Jellyfish are fascinating marine creatures that have existed for millions of years. With their gelatinous bodies and floating tentacles, they are often considered one of the most beautiful creatures in the ocean and have sparked interest in their breeding in aquariums. However, they can also be quite dangerous, as some jellyfish have stings that can cause intense pain and even death.
In recent decades, jellyfish blooms have become common, and due to climate change, it is anticipated that these events will increase. These aquatic organisms are infamous for their negative effects on human economic activities such as beach tourism, fishing, aquaculture, and power plants (Purcell et al., 2007).
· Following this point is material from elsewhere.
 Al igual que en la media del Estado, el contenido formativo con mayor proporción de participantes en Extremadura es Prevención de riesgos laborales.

This has led scientists to develop computer applications to identify jellyfish species.
Despite the bad reputation of jellyfish, various studies have shown their potential as food, animal feed ingredients, the use of toxins in medicine, or the use of collagen for wound healing.
There are around 50 species of jellyfish that are edible. In China, jellyfish have been commercially exploited as a significant food source for over a thousand years (Hsieh et al., 2001), and currently, their consumption is being promoted in European countries such as Italy (Bleve et al., 2019).
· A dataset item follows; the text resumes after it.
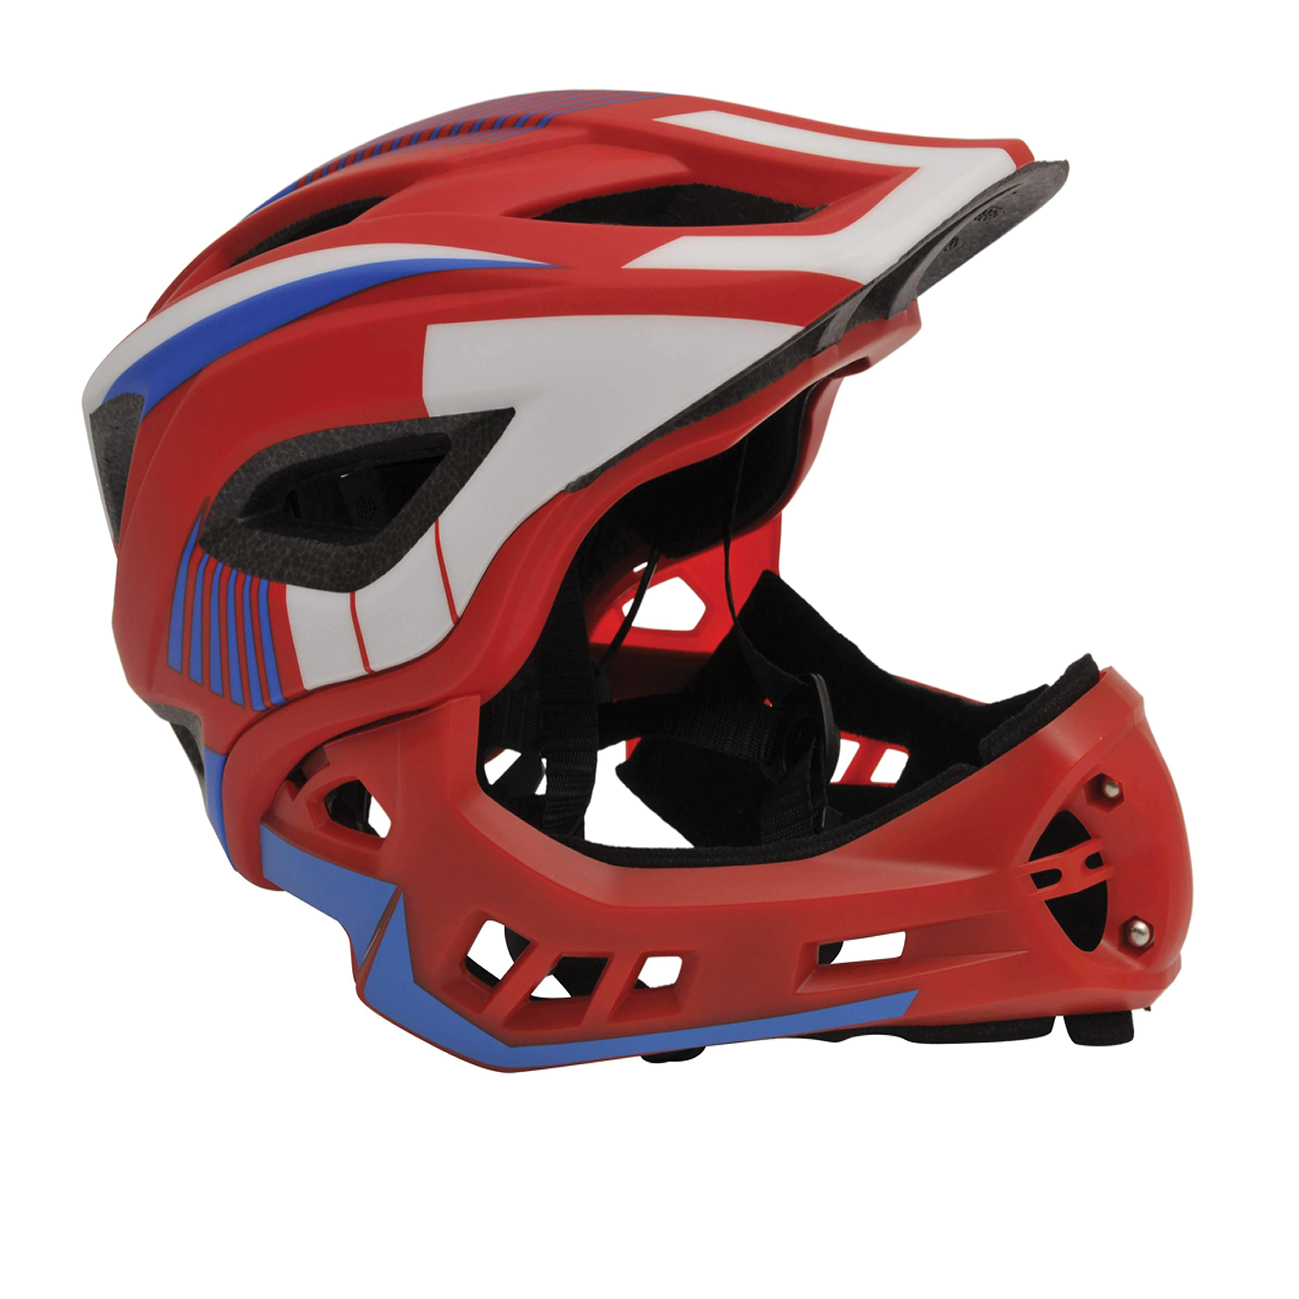 Kiddimoto - Ikon Full Face Bike Helmet

This scenario has encouraged the increase in captures of natural jellyfish populations; however, experimentation with jellyfish aquaculture for food and ornamental purposes is also underway. In this article, we will learn everything about jellyfish, from their biology to their behavior and their impact on the environment.
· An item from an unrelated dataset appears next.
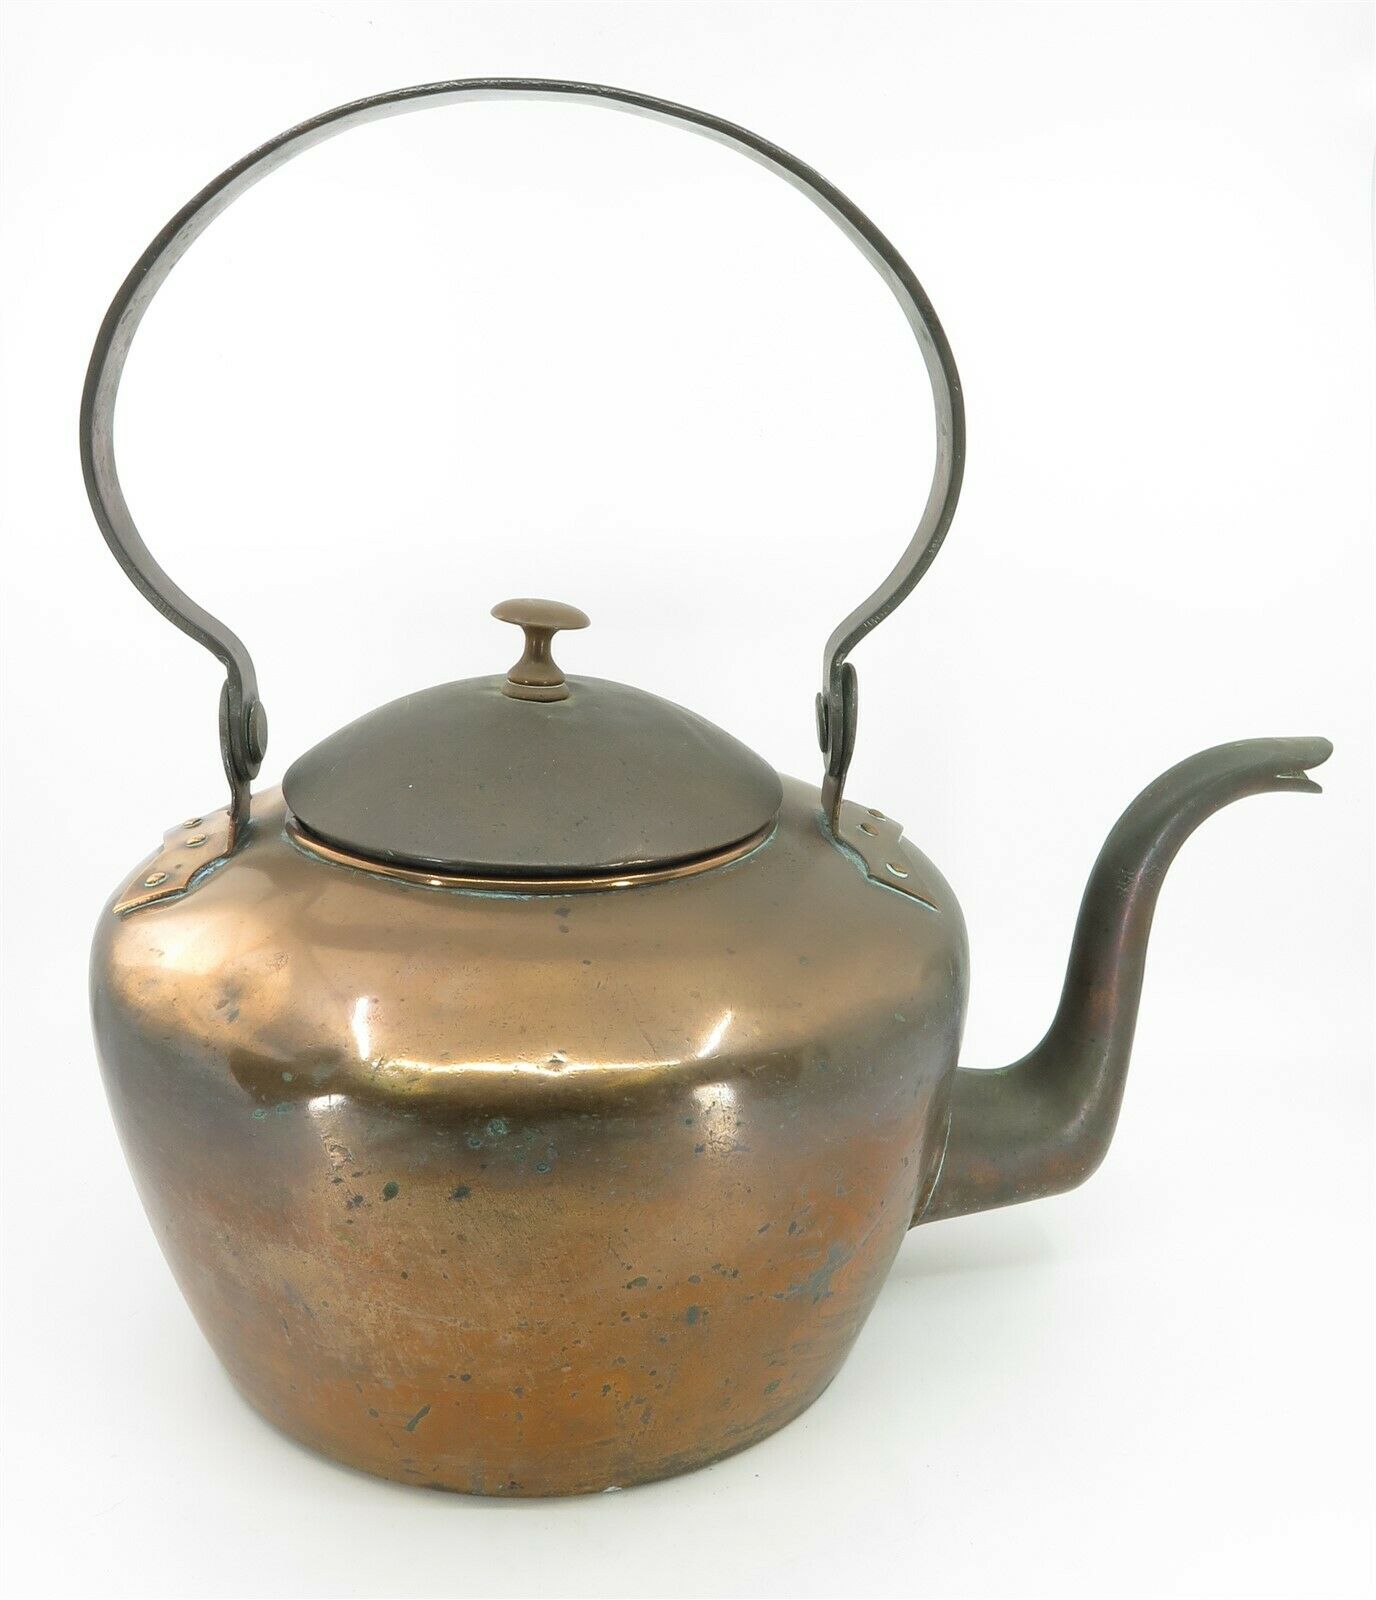 Copper Kettle “I. BABB” circa 1790-1810

Characteristics of Jellyfish
Common names: jellyfish, sea jellies, jellies
Scientific name: Cnidaria
Subphylum: Medusozoa
Classes: Cubozoa, Hydrozoa, Scyphozoa, Staurozoa
What are jellyfish like?
Jellyfish have a gelatinous body composed of 95% water. They are radial animals, meaning they have a symmetrical body with equal parts extending from a central axis. The body is bell-shaped, hanging a tubular manubrium with the mouth at the lower end, sometimes extended by long tentacles loaded with stinging cells called cnidocytes, used to inject venom into prey.
The size of sea jellies ranges from one millimeter in height and diameter of the bell to about 2 meters in height and diameter of the bell.
The smallest jellyfish belong to the genera Staurocladia and Eleutheria, with bell discs ranging from 0.5 mm to a few millimeters in diameter. On the other hand, the lion’s mane jellyfish, Cyanea capillata, has been cited as the largest jellyfish in the world, and possibly the longest animal, with tentacles that can extend up to 36.5 meters long.
On the other hand, the giant jellyfish Nomura’s jellyfish (Nemopilema nomurai), found in the waters of Japan, Korea, and China, is another contender for the “largest jellyfish” in terms of diameter and weight. This sea jellies can reach a bell diameter of 2 meters and weigh around 200 kg.
Do jellyfish have brains?
Jellyfish do not have brains as we know them. However, they have radially distributed nervous systems that adapt to their unique body plan (Katsuki and Greenspan, 2013), consisting of approximately 10,000 neurons (Dajose, 2022), allowing them to respond to environmental stimuli.
Albert (2011) reports that the central nervous system of the moon jellyfish Aurelia sp. coordinates motor responses, such as sensory feedback, creating numerous adaptive behaviors critical for the survival of these species.
Where do jellyfish live?
Jellyfish are found in all the world’s oceans. They are most commonly found in warm waters but can also inhabit colder waters. Some sea jellies, like the moon jellyfish, live in surface waters, while others, like the barrel jellyfish, live in deep waters.
According to researchers, true jellyfish species of the class Scyphozoa are exclusively marine, but some hydrozoans with a similar appearance live in freshwater.
Jellyfish move through the water by pulsing rhythmic contractions of their entire body; they take in water, which enters their gastrovascular cavity, and expel it, using it as a “propeller.”
Some jellyfish species live near the coast, but the most abundant ones are concentrated in open sea, about 10 or 20 miles offshore.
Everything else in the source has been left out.